NEW YORK—A panel of lawyers, judges, and consultants deliberated, at the Brooklyn Law School on Jan. 21, over the question of whether China still poses a threat to U.S. companies in terms of illicit trade practices.
At least one expert said the answer was an absolute yes—Christopher Cloutier, a partner at King & Spalding LLP who helps U.S. companies against illicit Chinese trade practices.
He says that inspite of the total volume of trade remedy cases is small (around one percent of all trade), Chinese companies stand out.
Cloutier told the Epoch Times: “The whole premise behind the cases we file is there is an unfair element. Frequently that means the Chinese product is subsidized. The Chinese government has provided an advantage, through special tax rates, low cost land, or through policy loans,” loans not given with a commercial objective but rather in order to follow industrial policies geared to boost exports. “China has more industrial policies than any other country,” he adds.
According to Cloutier, Chinese products were involved in more trade cases than those of any other country. He believes this is an indication that some industrial policies foster this type of behavior.
Other panelists such as William Perry, a partner at Dorsey & Whitney LLP say the United States is particularly focused on punishing Chinese companies. He cited the fact that China is still labeled a “command economy” under Department of Commerce rules whereas countries like Russia are labeled a market economy and therefore face less scrutiny.

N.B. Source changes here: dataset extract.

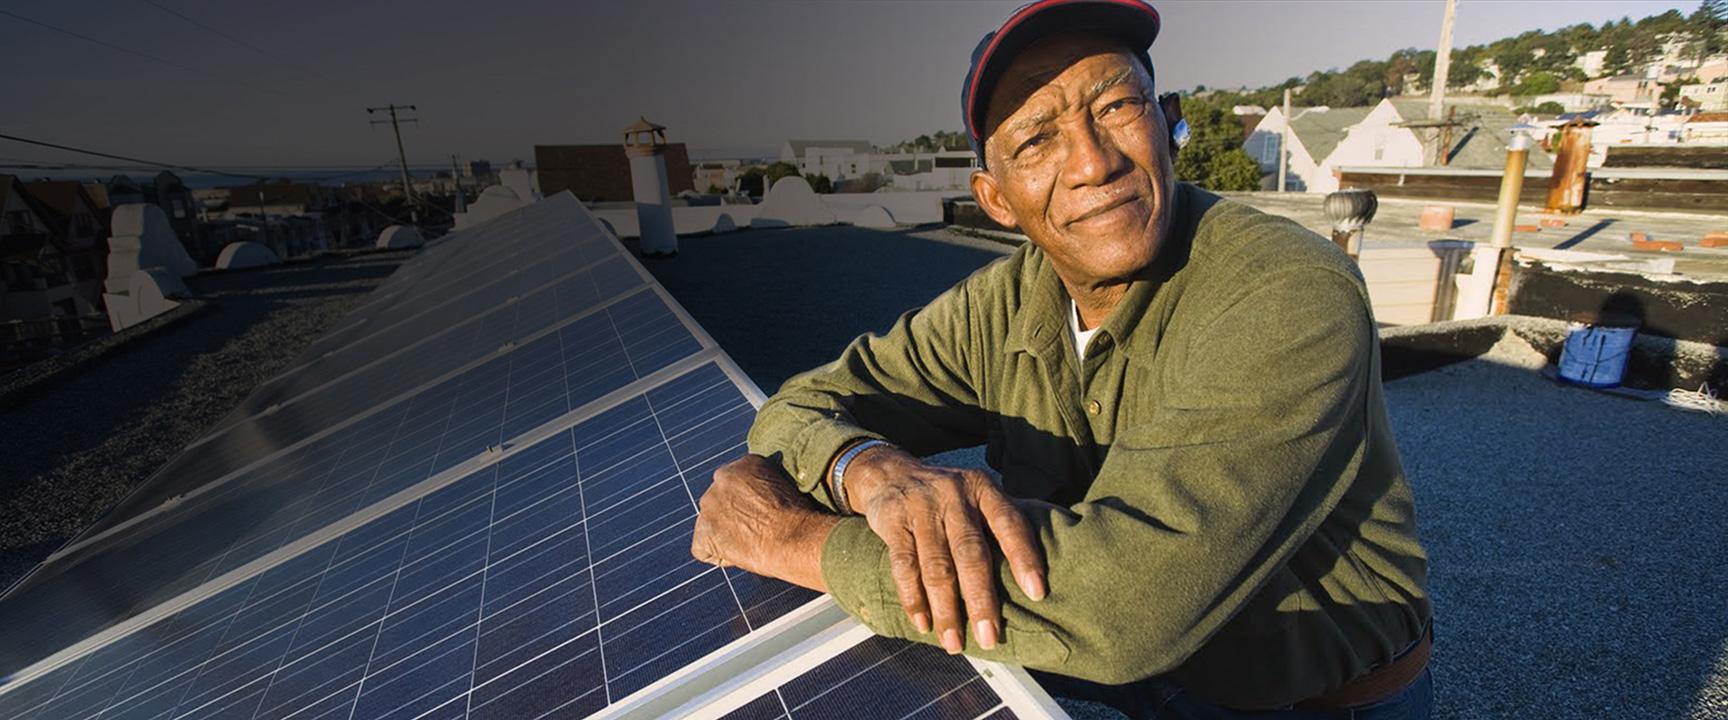 Man on roof leaning on solar panels

If a Chinese company is found to be cheating, extra import duties will be imposed on the relevant products, sometimes in multiples of the original selling price. Customs then collects the duties from the U.S. based importer, which usually stops importing the product if duties are too high.
However, Mr. Cloutier says there are some problems with enforcing the duties: “Sometimes the importers just disappear or go bankrupt. These are U.S. companies but they might be set up by a foreign entity.”
He also explained why tariffs against China aren’t higher given these widespread illicit practices. Because China is a World Trade Organization (WTO) country, the United States has to treat it the same as any other country and cannot levy extra tariffs on China, unless there is an infraction.
China on the other hand often flaunts WTO rules and directly imposes retaliatory tariffs after a country like the United States acts to prevent dumping or subsidizing. According to the WTO, instead of acting unilaterally, a country has to appeal duties it deems to be in front of the WTO.
“The only remedy for disputes should be the WTO,” Cloutier says.